**Work order:** Reproduce the listing below in full and exactly; no pictures belong in the copy.

**Stored data:**
____________

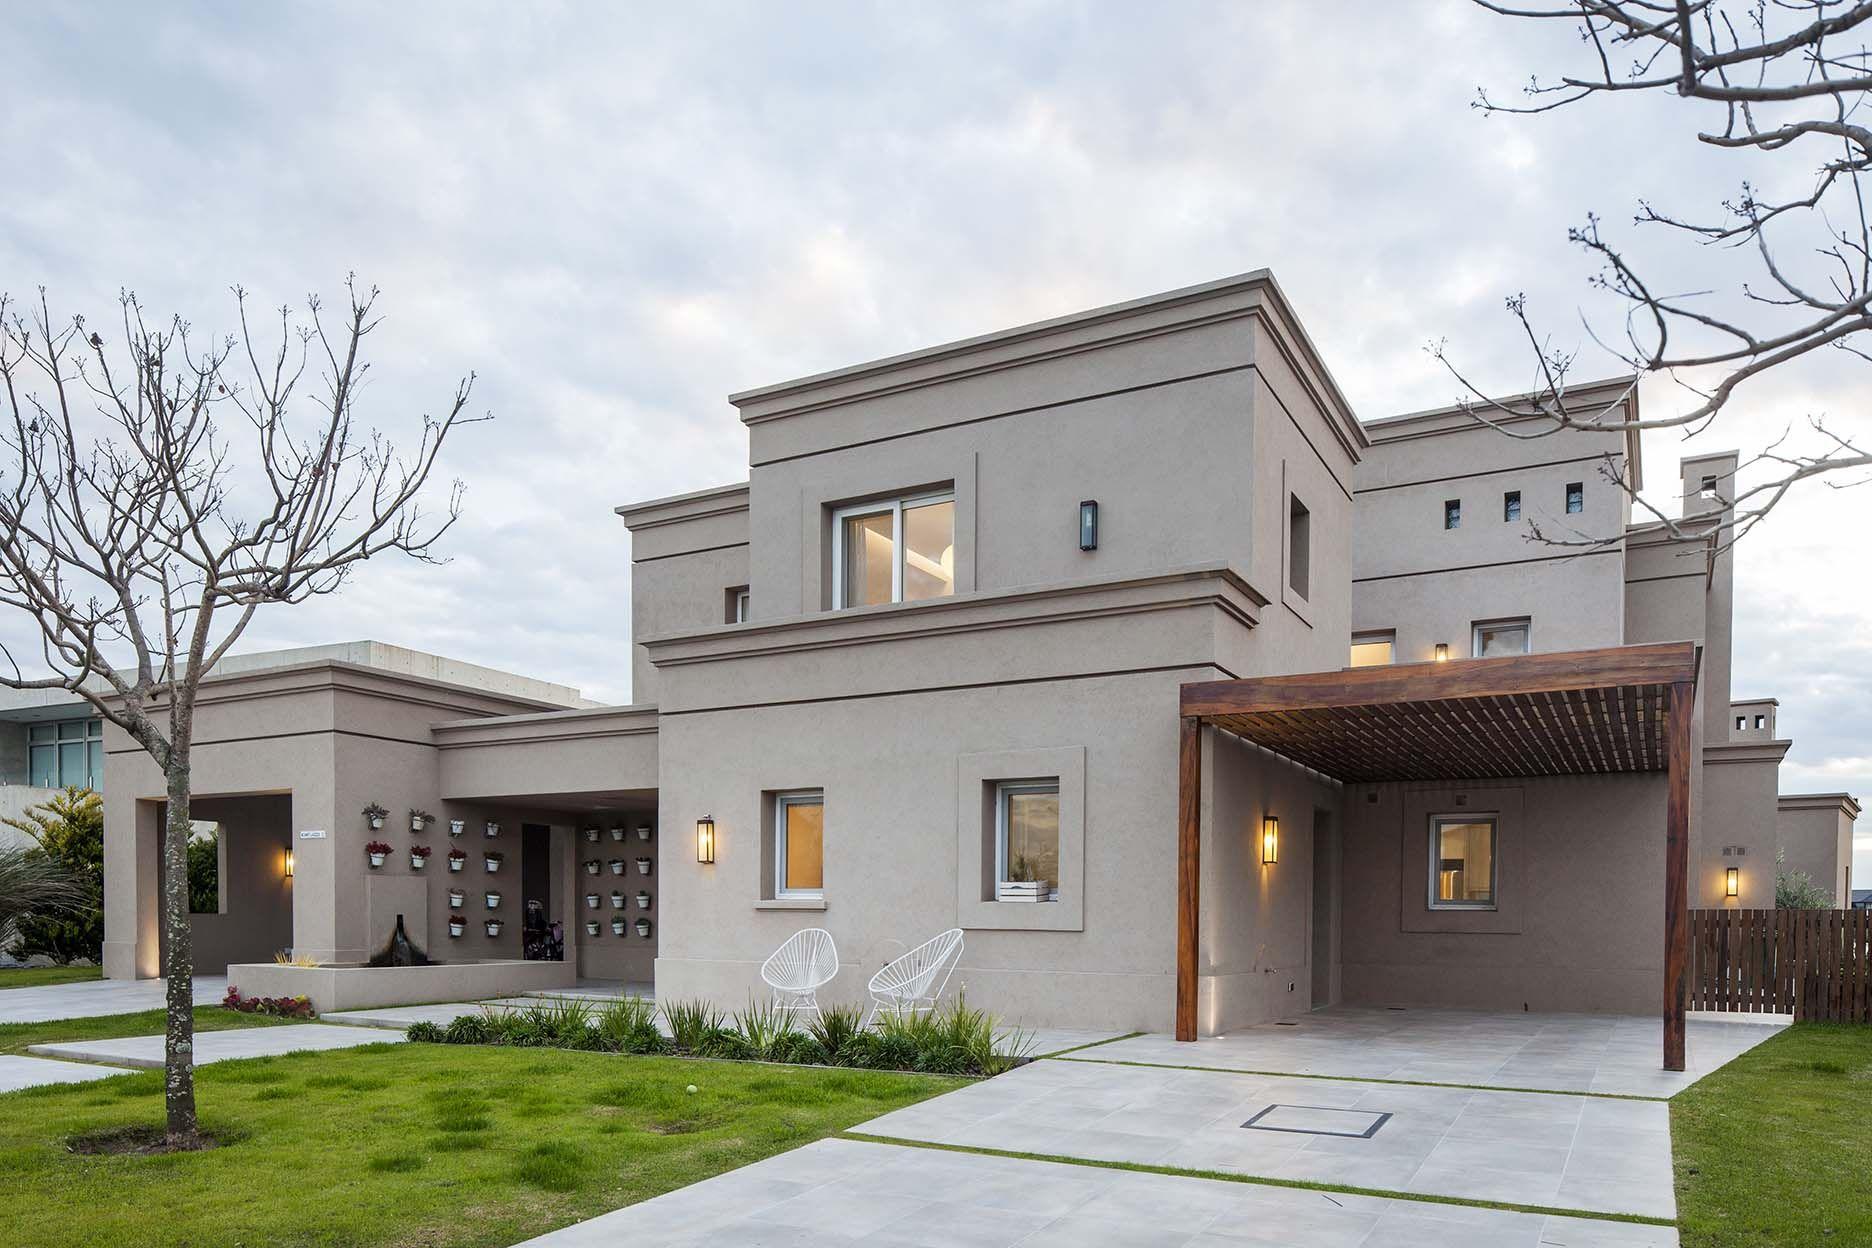 Arquitectura paisajismo ricardo pereyra iraola for Casas modernas clasicas
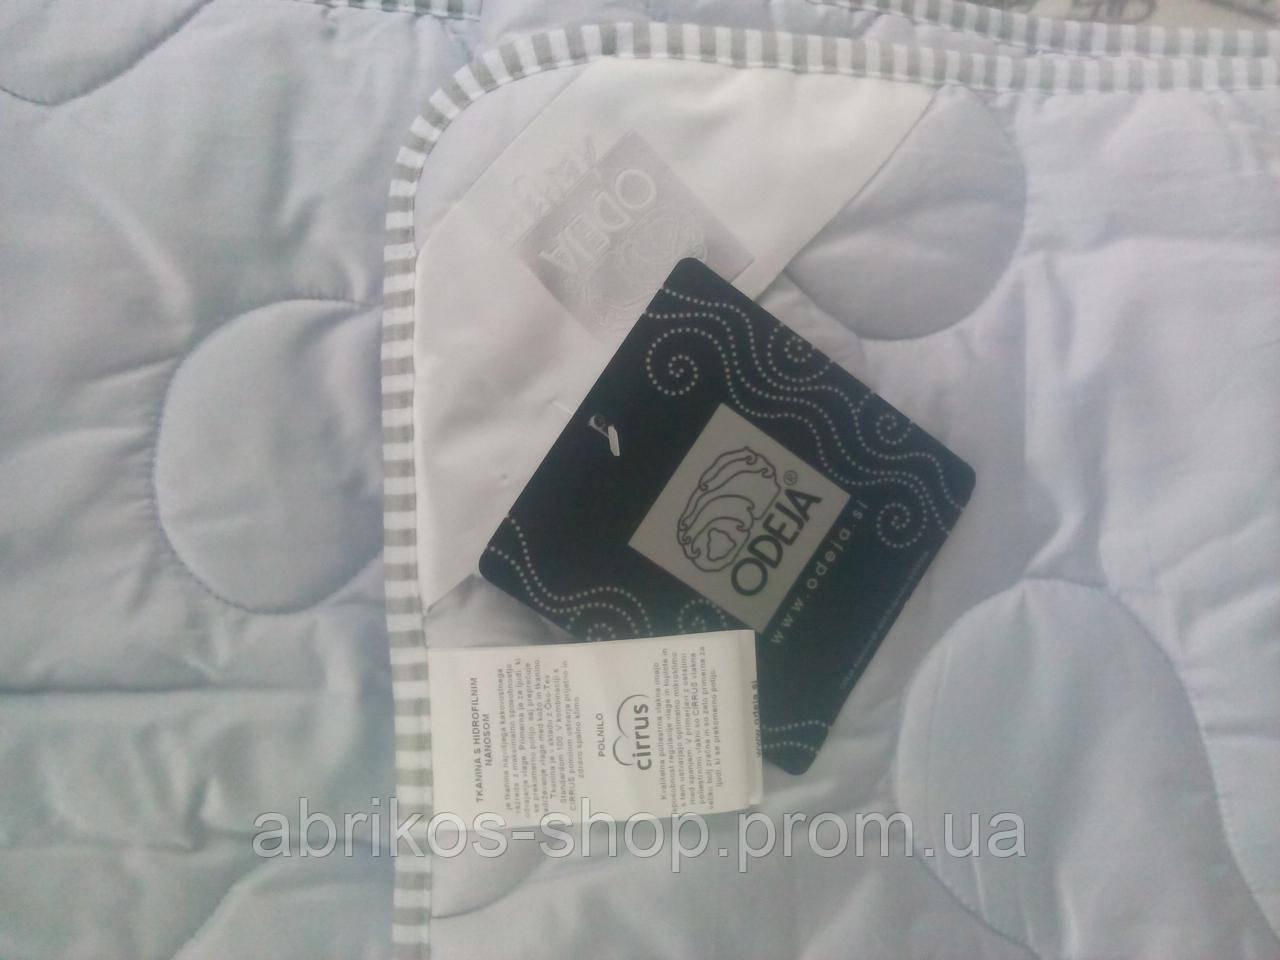 Одеяло антиаллергенное - Cirrusfil Light quilt (Словения)
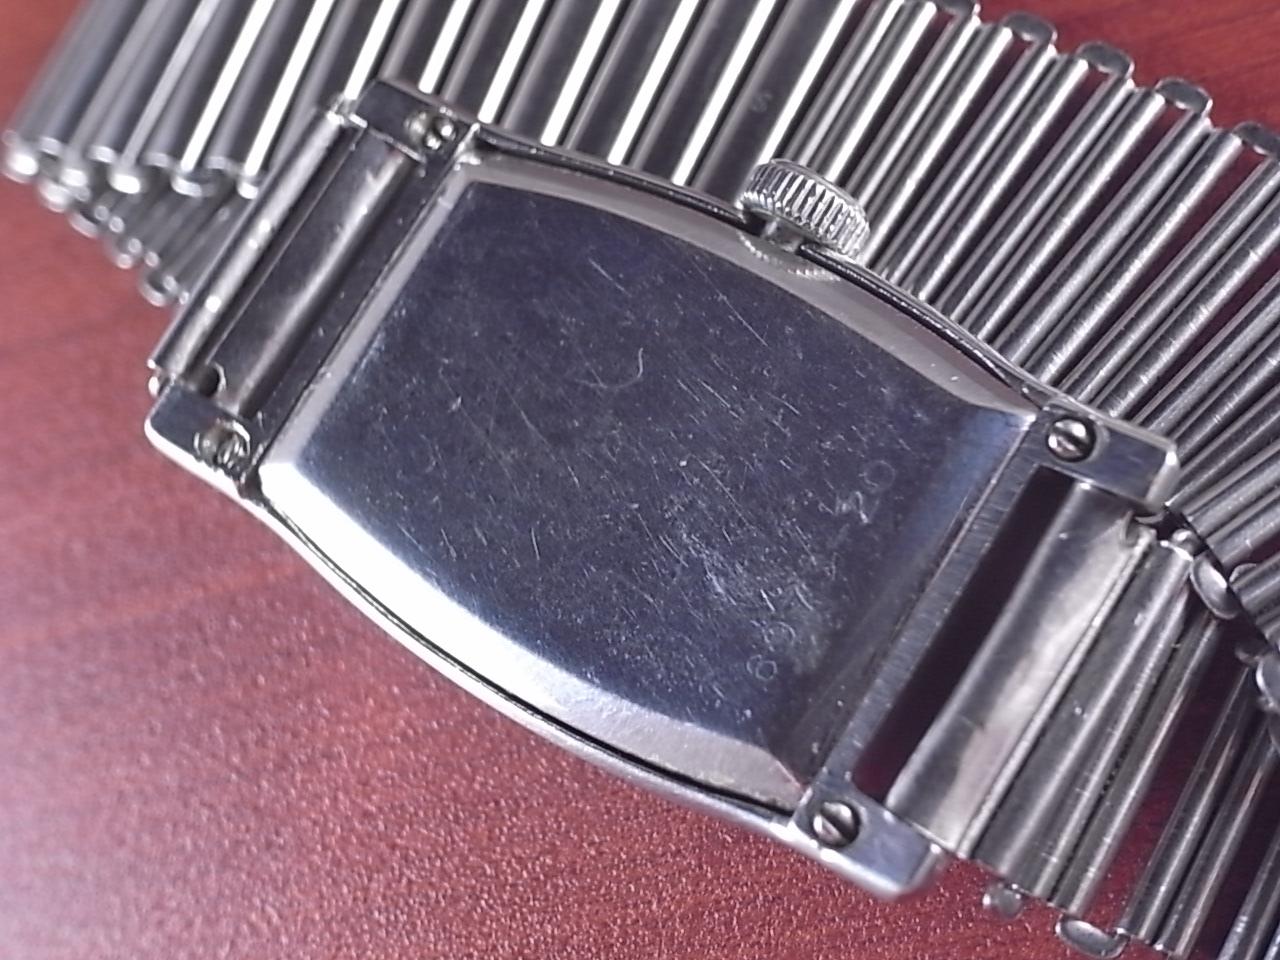 タバン トノーケース 4つビス防水 ボンクリップ バンブーブレス付き 1940年代の写真4枚目
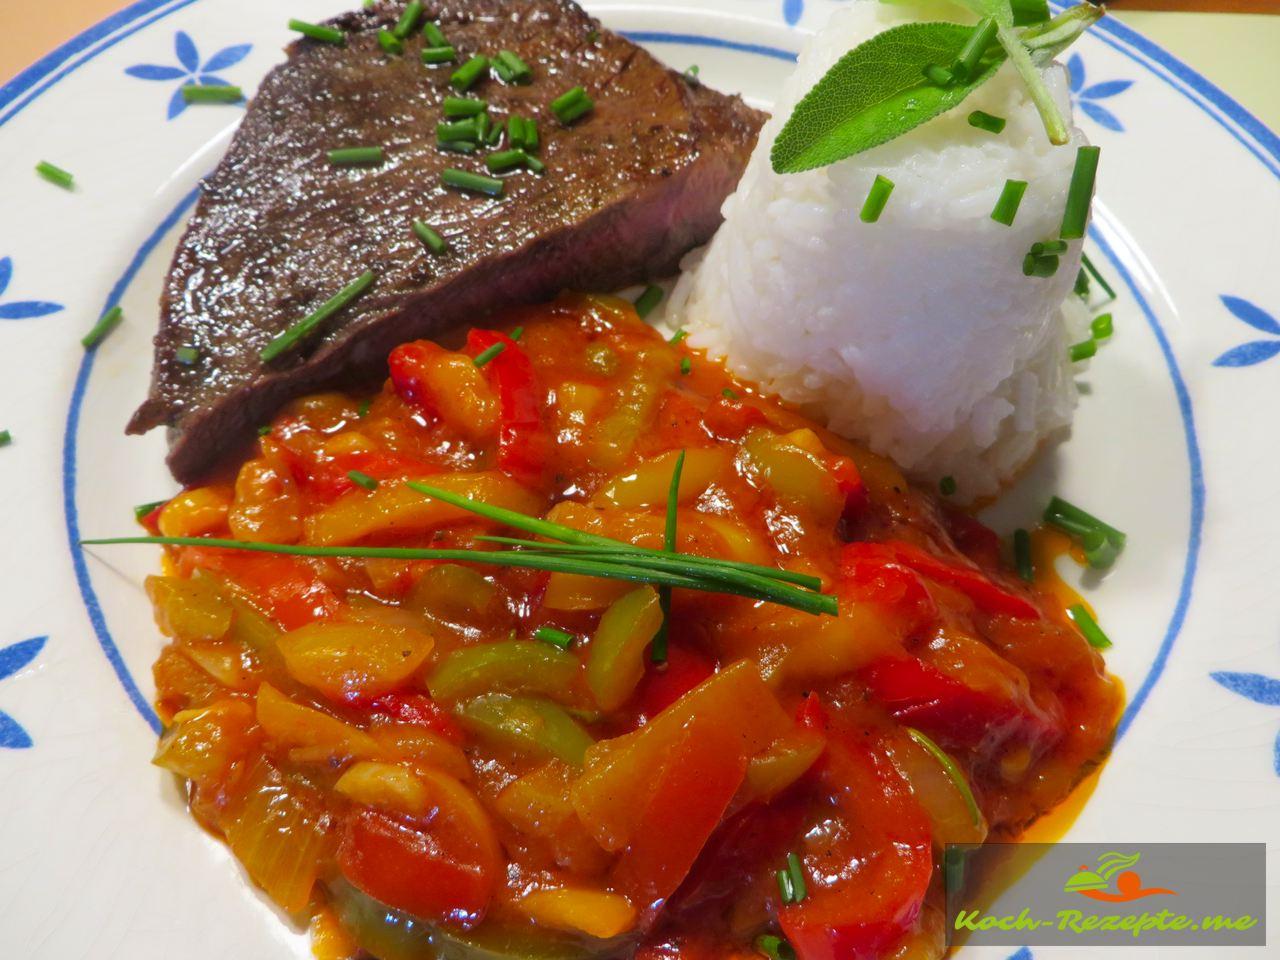 Angerichtet auf einen Teller Steak, Reis und  Piperade á la basquaise , Paprikagemüse

____________

**Task answer:**
 Arquitectura paisajismo ricardo pereyra iraola for Casas modernas clasicas
 Одеяло антиаллергенное - Cirrusfil Light quilt (Словения)
 タバン トノーケース 4つビス防水 ボンクリップ バンブーブレス付き 1940年代の写真4枚目
 Angerichtet auf einen Teller Steak, Reis und  Piperade á la basquaise , Paprikagemüse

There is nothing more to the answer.